ETG maintains for its Subscribers a dispatch system providing continuous and uninterrupted service

Live signals

Total units
2,325
2,325 franchised
Unit growth YoY
-1.19%
vs prior filing
AUV
Item 19, 2025
Royalty
of gross sales
Ad fund
national + local
Initial fee
$1K
per unit
Investment range
$33K–$71K
all-in, Item 7
Procurement
from the filing

The vendor opportunity at N.Y. One

N.Y. One presents a concentrated, 2,325-unit opportunity for software vendors targeting the retail food franchise segment. Every location is franchised—there are no company-owned stores—so the entire system is addressable if you can secure a mandate or preferred-vendor nod from headquarters. The brand’s unit count contracted by -1.19% year-over-year, a signal that leadership may be receptive to technology that stabilizes operations or improves unit economics. With an initial franchise term of 20 years and annual renewal extensions requiring mutual written agreement, the relationship between franchisor and franchisee is long-term and tightly managed, which means software adoption flows from the top down.

Who controls software purchasing

Software purchasing authority sits with the Acierno family.

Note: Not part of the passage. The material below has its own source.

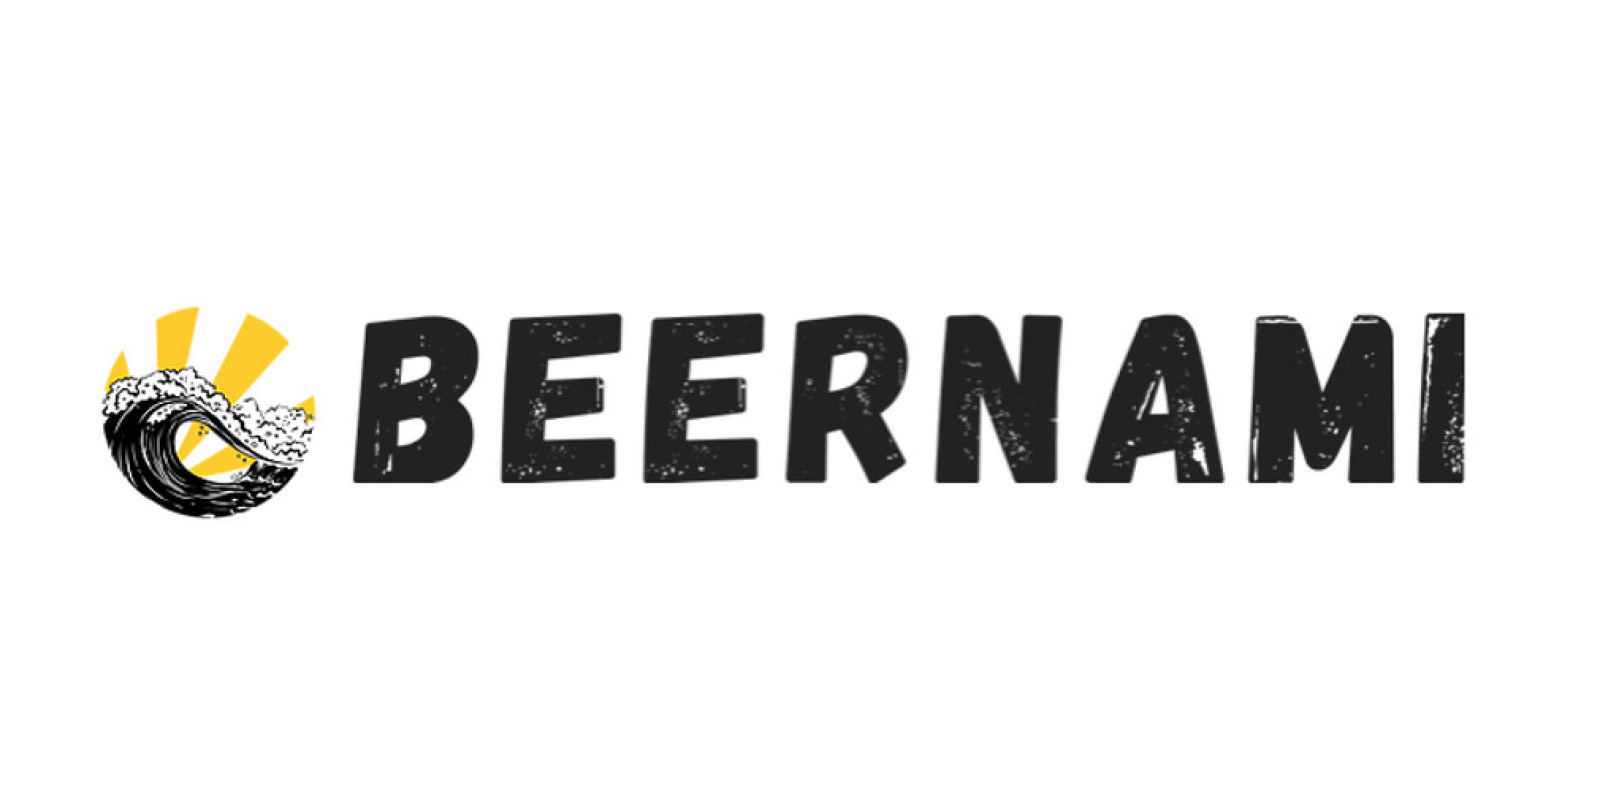 IF Craft Beer in Beernami beerbox wave 7

The 2025 FDD lists John Lawrence Acierno as President and Director, John Louis Acierno III as Vice President and Director, and Jeffrey Acierno as Vice President, Secretary, and Director. This three-person executive team constitutes the entire disclosed leadership group, and their overlapping director roles indicate that technology decisions are made by a small, centralized group without a separate CIO or CTO on file. For vendors, the path to a deal runs through John Lawrence Acierno’s office. The absence of a named procurement executive or technology committee means you should treat the President as the de facto buyer and tailor your pitch to operational outcomes that matter to a family-led, founder-run organization.

Mandated and current tech stack

The only technology explicitly mandated in the 2025 FDD is ETG’s dispatch system. The disclosure states that “ETG dispatch system” and “ETG’s dispatch system” are required, which likely refers to a single platform governing logistics, routing, or order fulfillment across the 2,325 franchised locations. No other POS, ERP, or operational software is named, meaning the ETG system is the backbone of daily operations. For vendors selling complementary tools—inventory management, workforce scheduling, business intelligence, or payment processing—the mandate creates both a barrier and an opportunity: you must either integrate seamlessly with ETG or build a case for replacing it. The FDD does not disclose any approved-vendor list or secondary tech stack, so assume the environment is locked down until you hear otherwise from HQ.

Procurement, renewals, and timing

Item 8 of the 2025 FDD contains no extract describing procurement rules, designated suppliers, or approved-vendor programs. This silence typically means the franchisor retains full discretion over supplier selection and does not publish a formal procurement framework. In practice, N.Y. One likely operates a closed procurement model where the Acierno team evaluates and mandates technology on a case-by-case basis. The renewal structure—20-year initial terms with annual extensions by mutual written agreement—suggests that franchisees have limited autonomy to adopt unapproved software. Timing a pitch is difficult without a public contract calendar, but the recent unit decline may prompt leadership to seek operational efficiencies, making the current window worth testing. Vendors should approach with a clear ROI model tied to the existing ETG dispatch infrastructure.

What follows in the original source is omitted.